We load three data sets that we want to merge into one big data set. `cpt` contains all waypoints of chimpanzee travel, one point recorded every 15 m on average. It also includes information on whether points can be considered change points. `wp` is a dataset that only contains the points where chimpanzees showed special activity such as feeding or resting. `tr` finally is a GeoJSON file that contains cleaned paths.
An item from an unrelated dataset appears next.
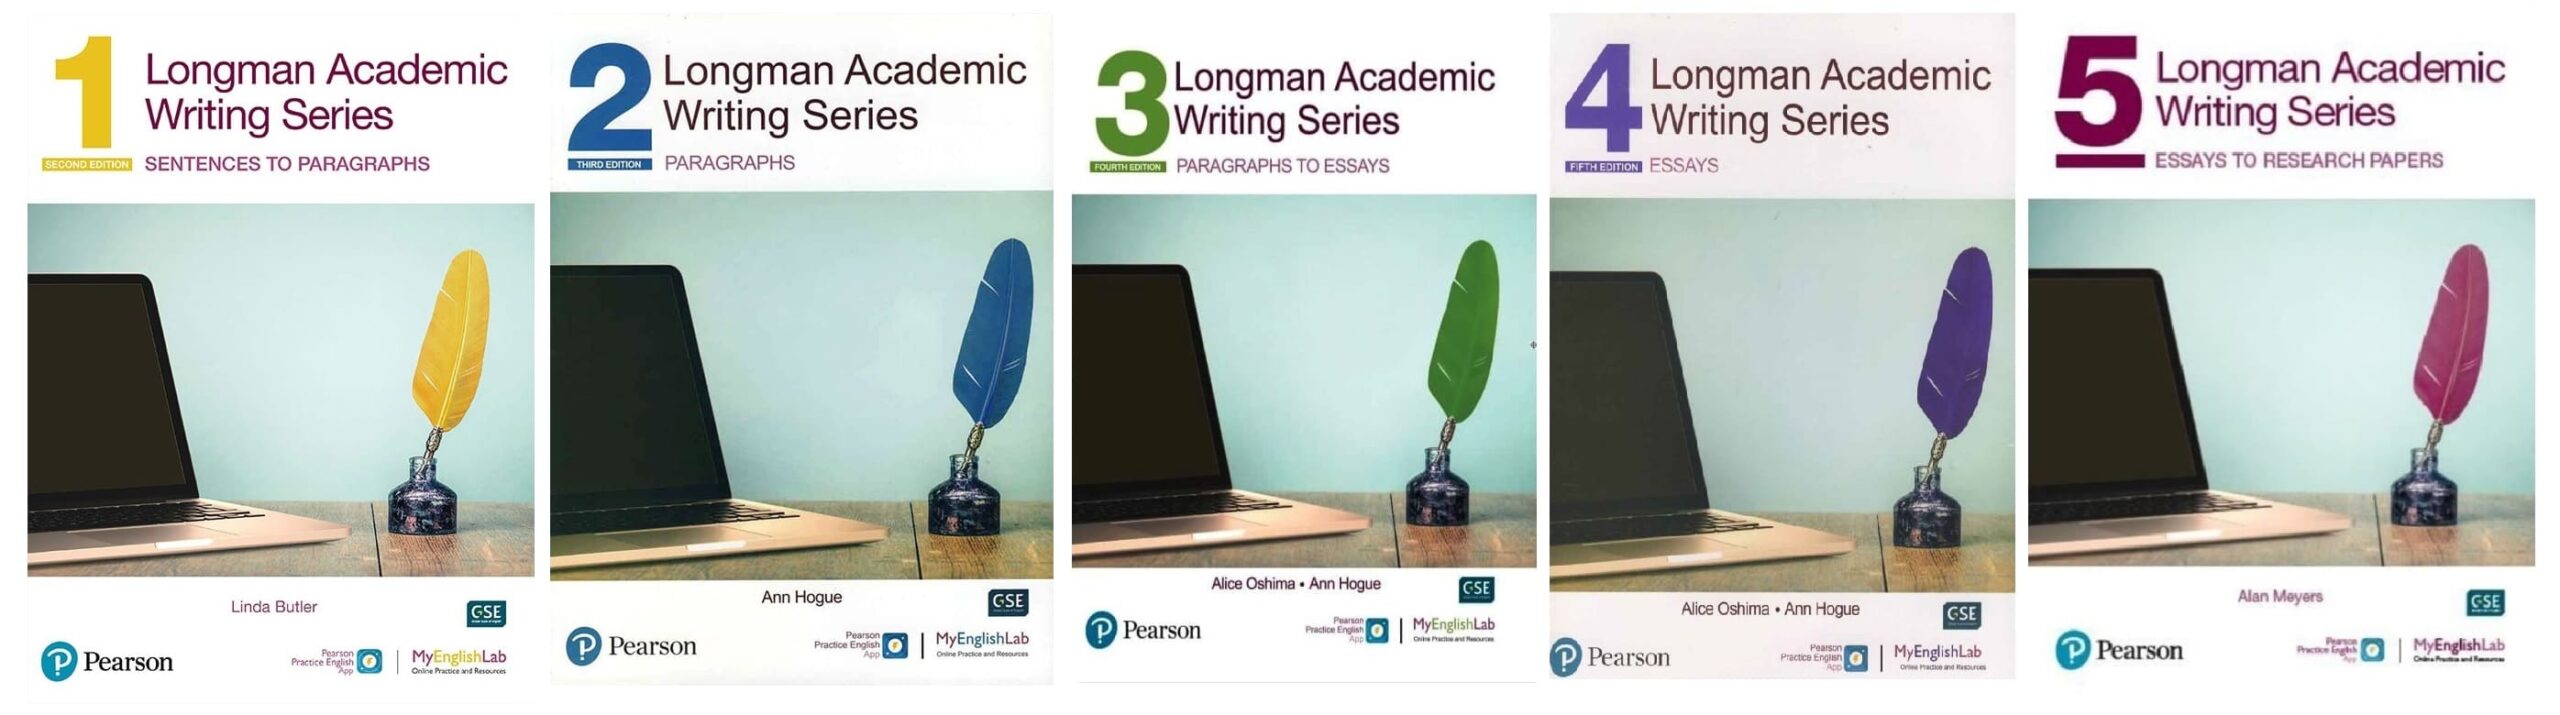 خرید کتاب زبان | فروشگاه اینترنتی کتاب زبان | Longman Academic Writing Second Edition | لانگمن آکادمیک رایتینگ ویرایش دوم

Because the order and number of waypoints of these cleaned routes might differ from the ones contained in the other data sets, we preserve the structure of `tr` and add information that we are interested in from the other data sets. In the process, we also create segments that we will use for the modelling.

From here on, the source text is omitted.